London has seen its own technology cluster emerge in recent years, centred around a junction on the boundary of the boroughs of Hackney and Islington, colloquially known as “Silicon Roundabout” owing to the prominence of web-based companies located there.

Martin Brennan, practice manager with Nixon Williams, said: “The Scottish tech sector took a hammering after the dotcom bubble burst, but has since ­diversified away from electronics manufacturing.

“Software development and services now account for a much larger share of Silicon Glen’s output, and are typically less capital-intensive, meaning that start-ups can often get off the ground with minimal financing.

“Much of the focus in recent years has been on London, specifically Silicon Roundabout, which has emerged as a centre for digital start-ups, but regions like Scotland are now rivalling London in terms of growth.”

He added: “The advantage London has is access to markets and a large pool of ­talent, but the cost of doing business in the capital is significantly higher than most other UK regions. By contrast, the Central Belt of Scotland where Silicon Glen is situated has a lower cost base and is home to a large number of universities, which have a proven track record of spinning out tech start-ups.”

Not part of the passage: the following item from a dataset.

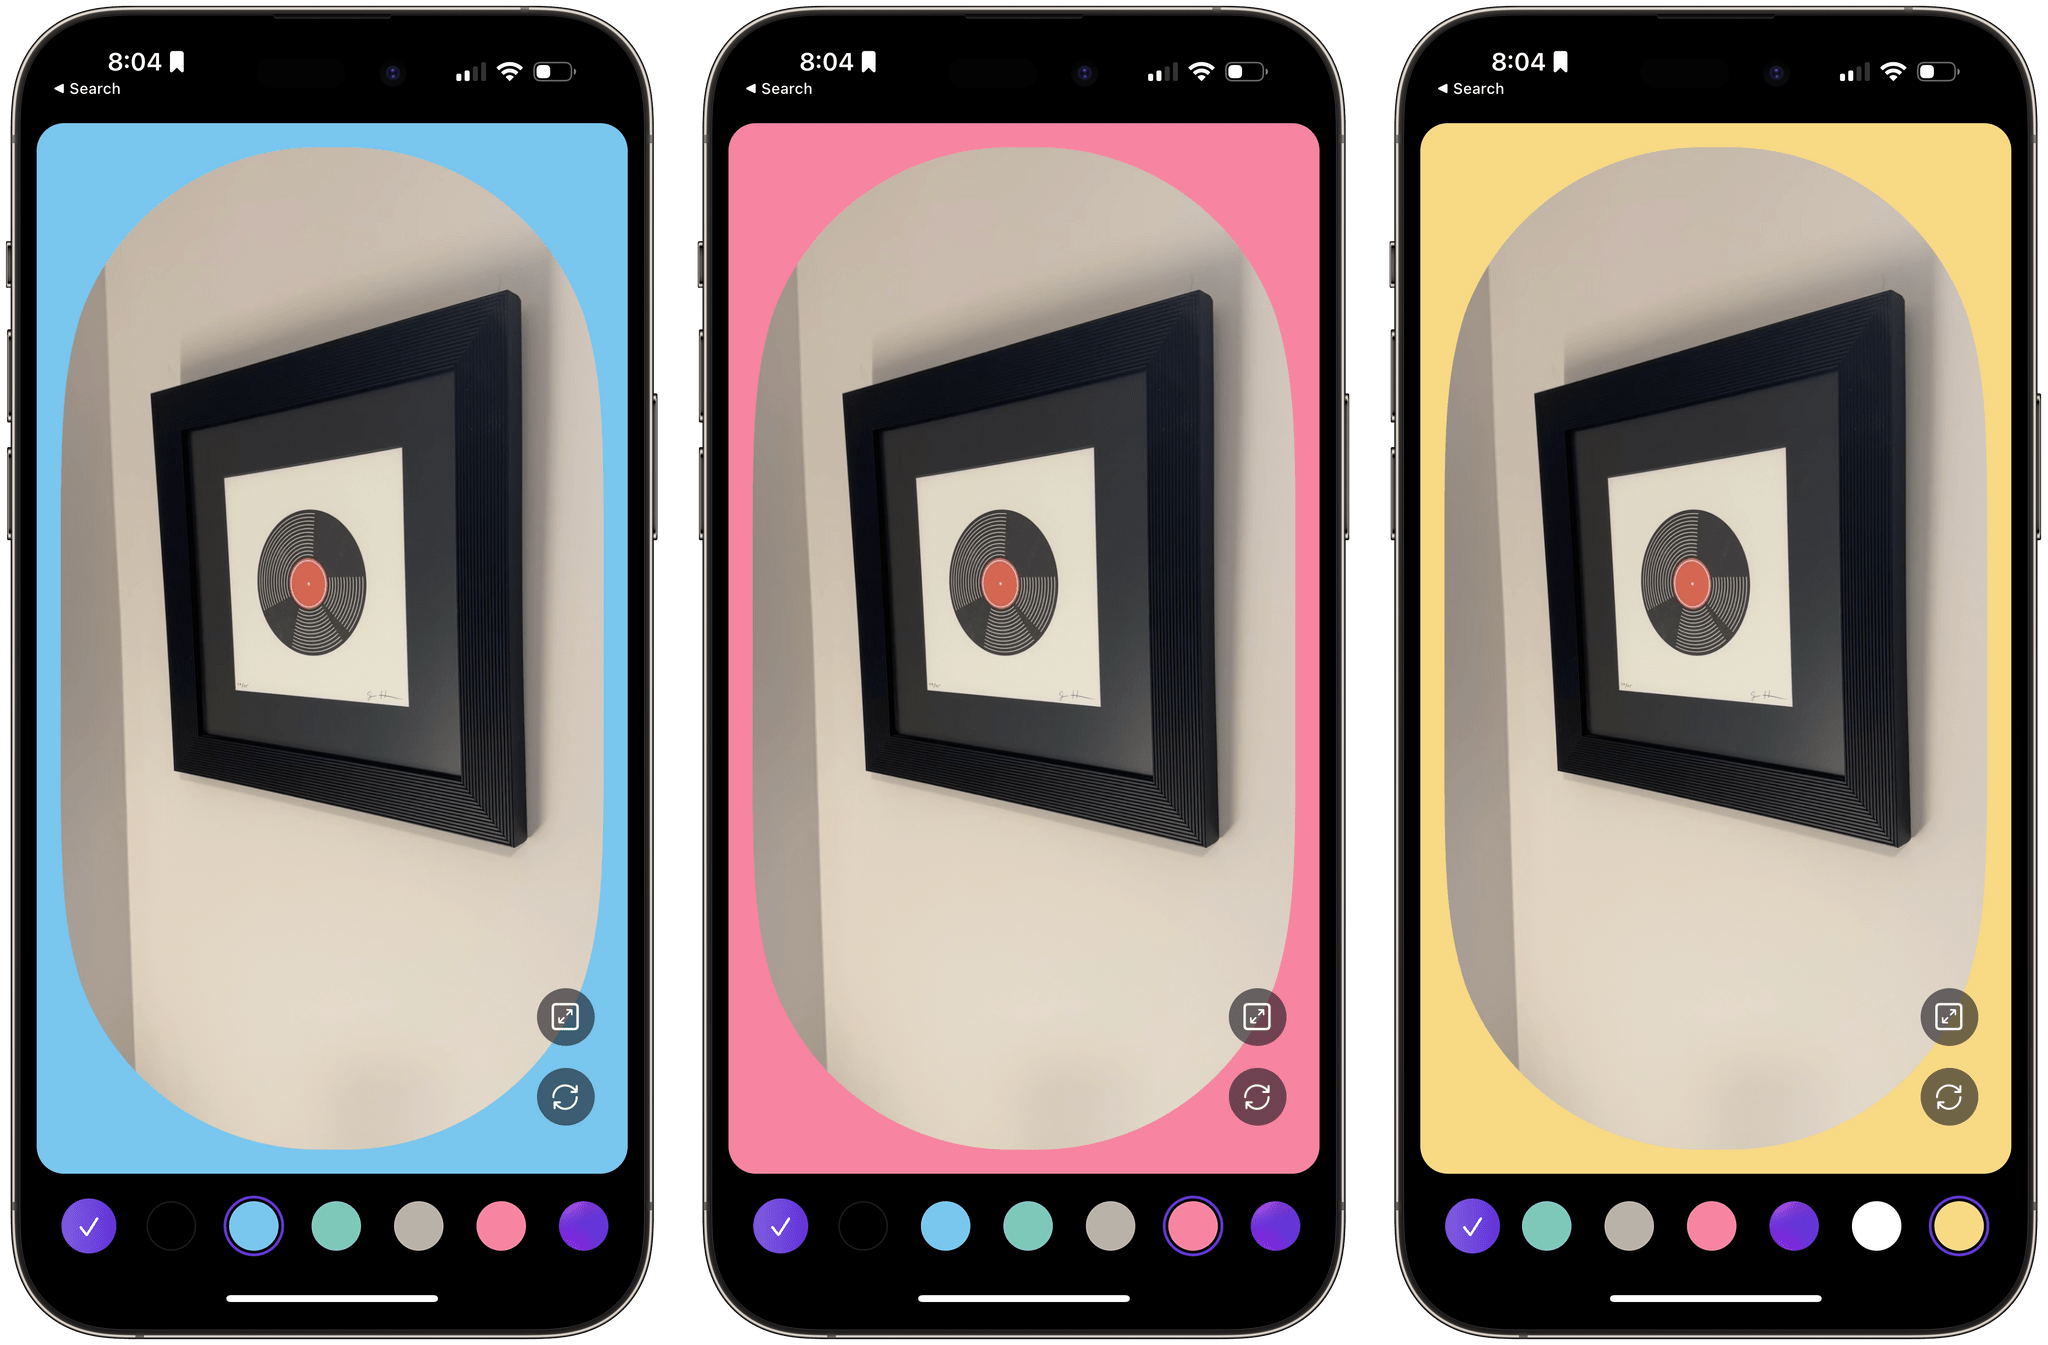 Some of Detail Duo's colorful framing options.

A recent jobs report from Bank of Scotland revealed that rates for IT contractors in cities including Glasgow and Dundee have surged in recent months as demand for such work north of the Border hit its highest level in a decade. Many key skills remain in short supply.

The Nixon Williams report also pointed out that while the London tech sector has received significant central government attention and support in the form of Tech City, a publicly-funded body to promote IT start-ups around Shoreditch and the Olympic Park, other established tech clusters elsewhere in the UK, including Silicon Glen, have been “comparatively overlooked”.